# Trade secrets and helpful tools



## HIGGINSFOREVER (Mar 24, 2013)

Alright lets give up some of your trade secrets and odd tools that you have used for some of you restores and rebuilds.I will start with step drills.These can be bought at harbor fright and after using then you can throw your drill bits away.Most of my drills are broken and so used they cant drill thru butter.Next is a spoke nipple driver.Cuts wheel building time in half.Last is a bike stand that can be used anywhere on a wall in or outside, a tree, a wood pole.Forgot my wheel truing stand. Put a hole in you bench and a used set of forks


----------



## Rustafari (Mar 31, 2013)

Nice! There was a cool old wheel truing stand on feeBay a couple of weeks ago that I really wanted and then I forgot to bid on it. :o  But I do have a spare set of forks I could use.  Don't know why I never thought of that, but great idea!


----------



## Boris (Mar 31, 2013)

I'm glad that you posted this thread Gene! I was thinking about posting the same kind of thread just the other night about small tools, but knew Vince would have a field day, when I mentioned small tools. Anyway here are a few that I find indispensable for cleaning (accidently left out the paste wax). The squigly thing is a pipe cleaner and there's a metal nail file in there too.


----------



## vincev (Apr 1, 2013)

You just want me to say something stupid dont ya Dave.
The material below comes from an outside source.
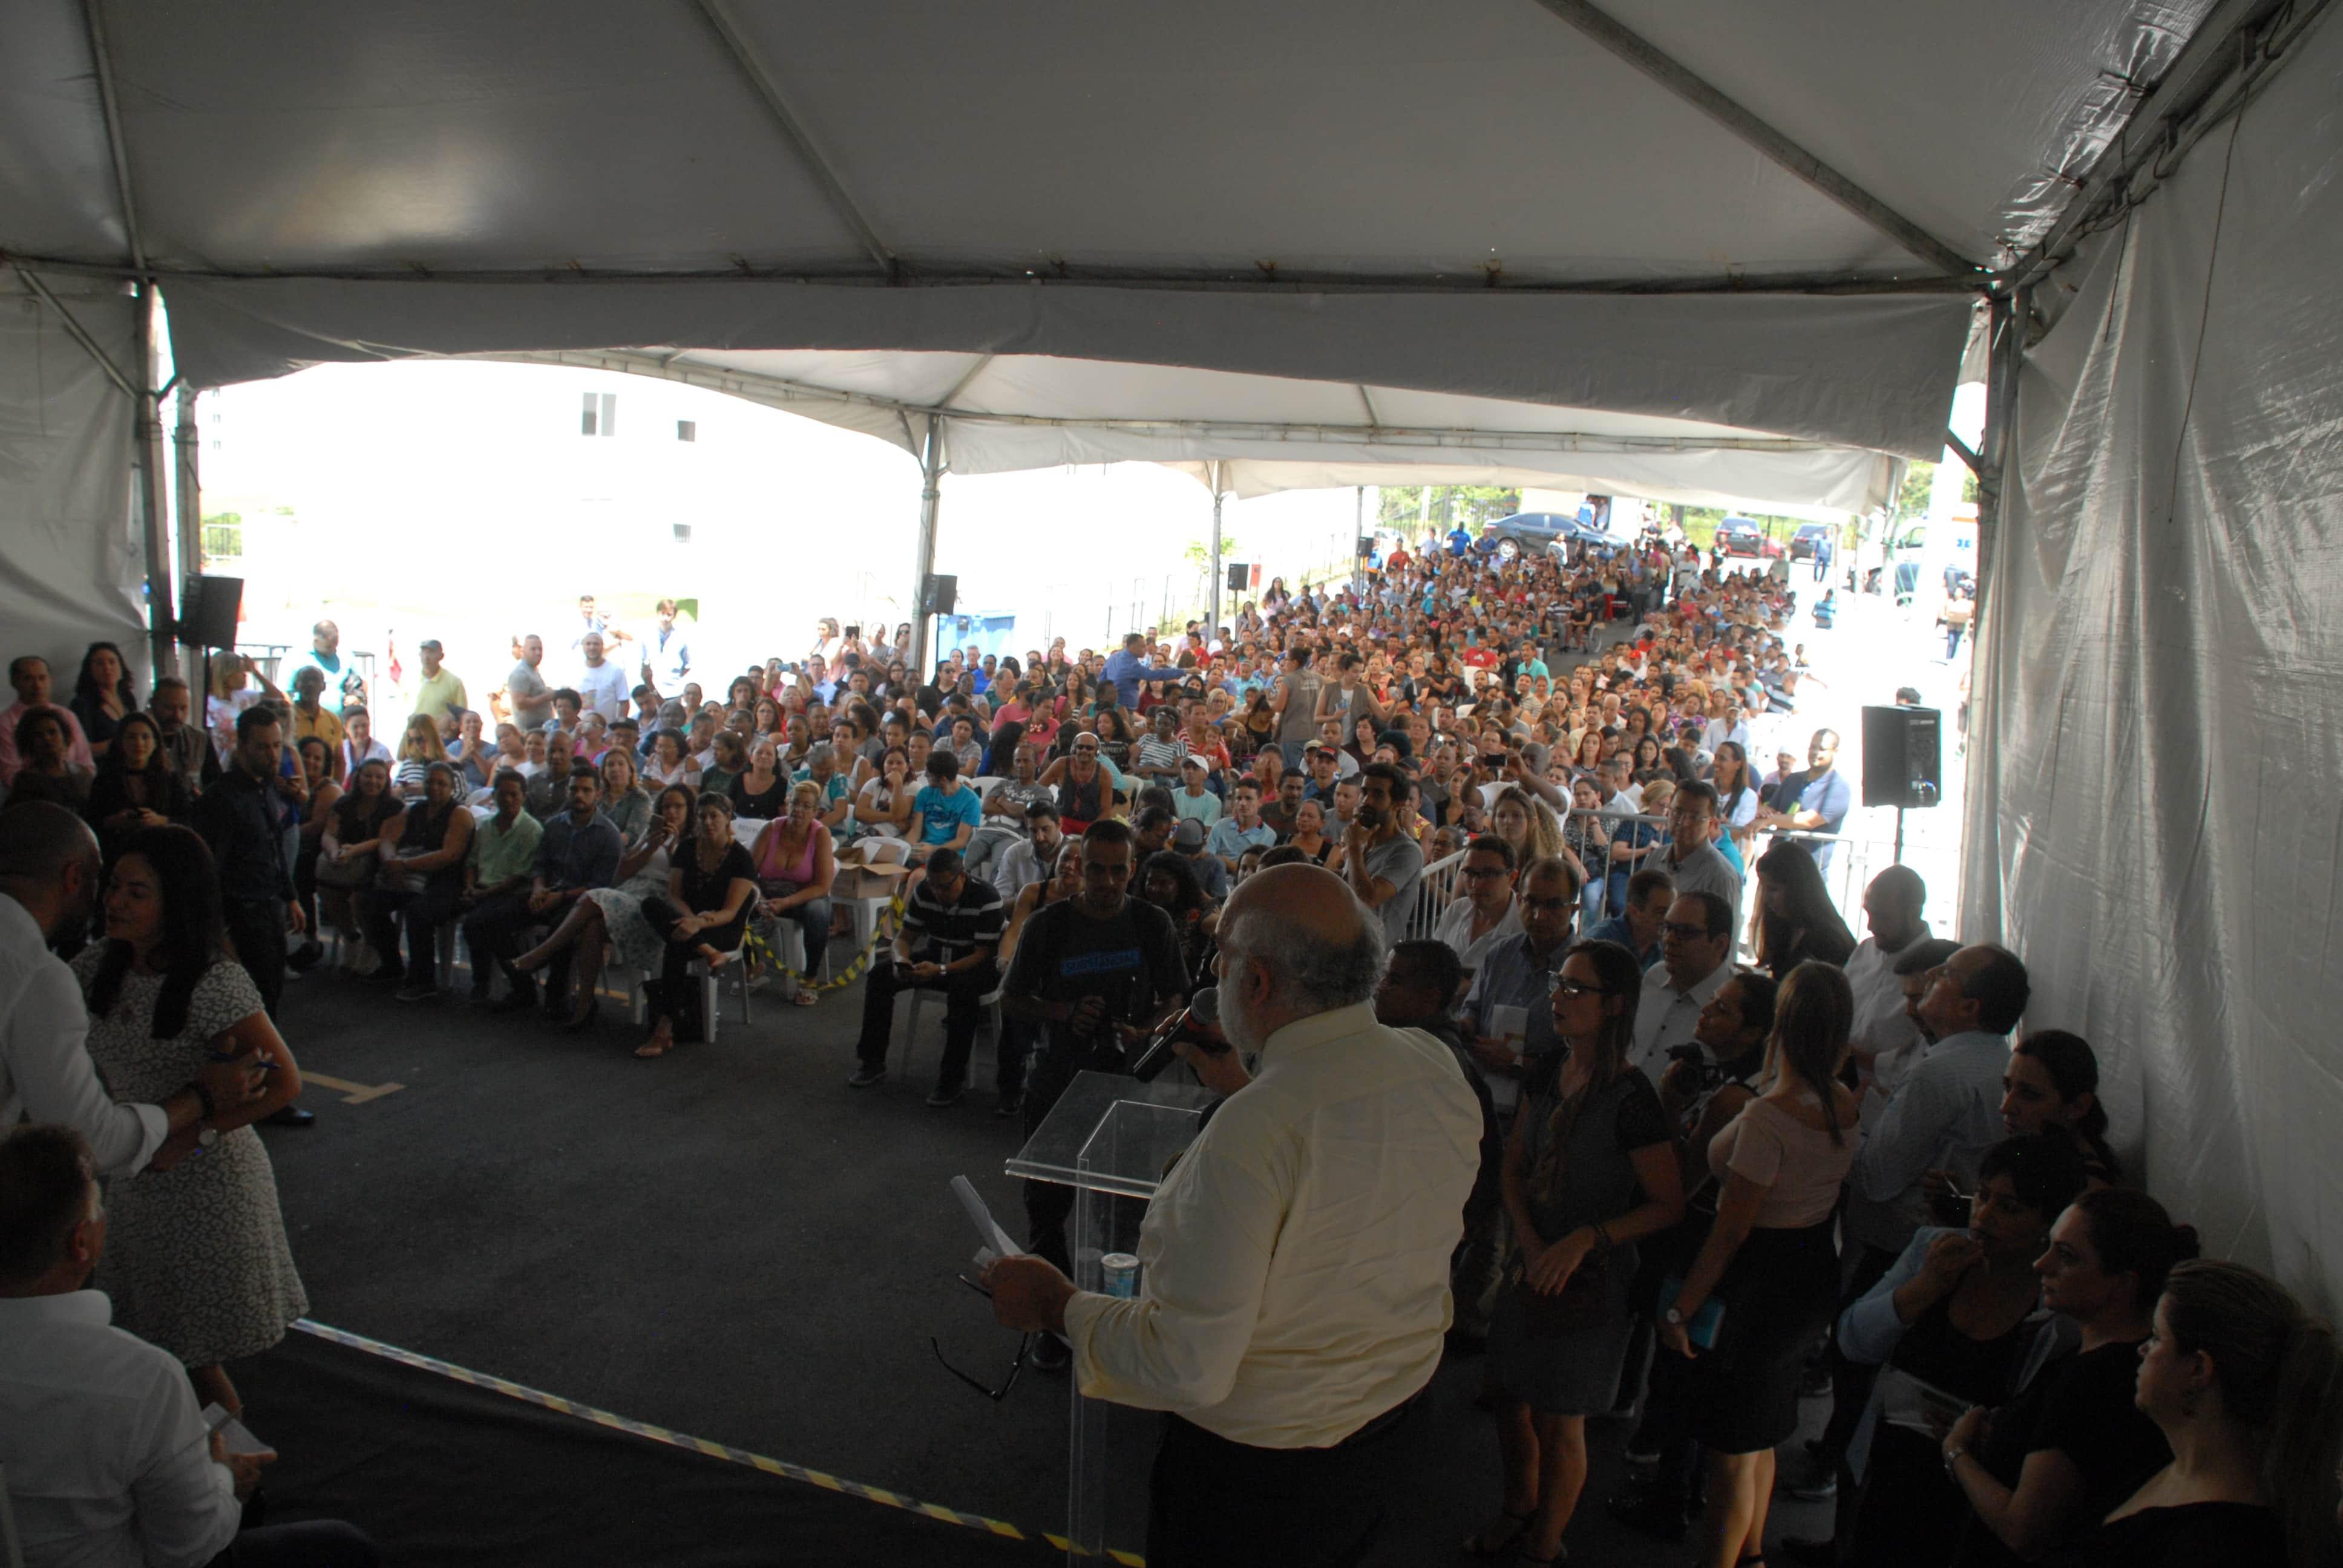 Foto aberta, vinda vinda do palco, mostrando as costas das pessoas em pé do palco, falando com uma multidão de pessoas sentadas em baixo de uma lona

I know your baiting me because you are a Master Baiter.


----------



## kunzog (Apr 1, 2013)

This old fashion monkey wrench is ideal for removing the large crank nut, sprocket nut and the stem nut.


----------



## Freqman1 (Apr 2, 2013)

kunzog said:


> This old fashion monkey wrench is ideal for removing the large crank nut, sprocket nut and the stem nut.




My tool of choice--can also be used as a hammer/mallet! V/r Shawn


----------



## tailhole (Apr 2, 2013)

*me too*

Yes, I have one of these held to the frame with magnets on any bike I ride.  Even the smallest ones work on the largest nut on any bike.  The really little ones can be used as cone wrenches too.


----------



## crankman3 (Apr 2, 2013)

I made a die from a old collar,check out the threads does a great job repairing
  damage threads, or just cleaning the dirt and rust out between the threads.

  I welded a allen wrench to a old pair of channel locks. This is what I use to remove 
  a kick stand from the frame, once that done then I can use the channel locks to 
  depress the spring and remove the pin.


----------



## Goldenrod (May 3, 2016)

Motorcycle way of tie wrapping a cable.  Cut a small piece of tube.  Run the tie wrap around the frame into the tube, around the cable and into the tube and then close.  The tube offsets the cable from the frame.


----------



## spoker (May 4, 2016)

am detailng a bike today,ill be razor blading some of the chrome,if the rust is on top of the chrome or lightly embeded,lightly drag or scrape the rust with a single edge razor blade and then go over it with 0000 wool and semichrome,protect with carnuba wax.happy trails to you!!!


----------



## Iheartbikes (May 18, 2016)

When tackling a rusty fastener, screw or nut.
Before you do anything, even oil. 
Strike the fastener to jar the threads together and break em free,
Then your oil of choice or soaking.


----------



## J-wagon (Jan 19, 2022)

I don't have a truing stand. Just mount wheel onto fork. Zip ties around fork legs, spin wheel to see lateral and radial deviations. For me good results.


----------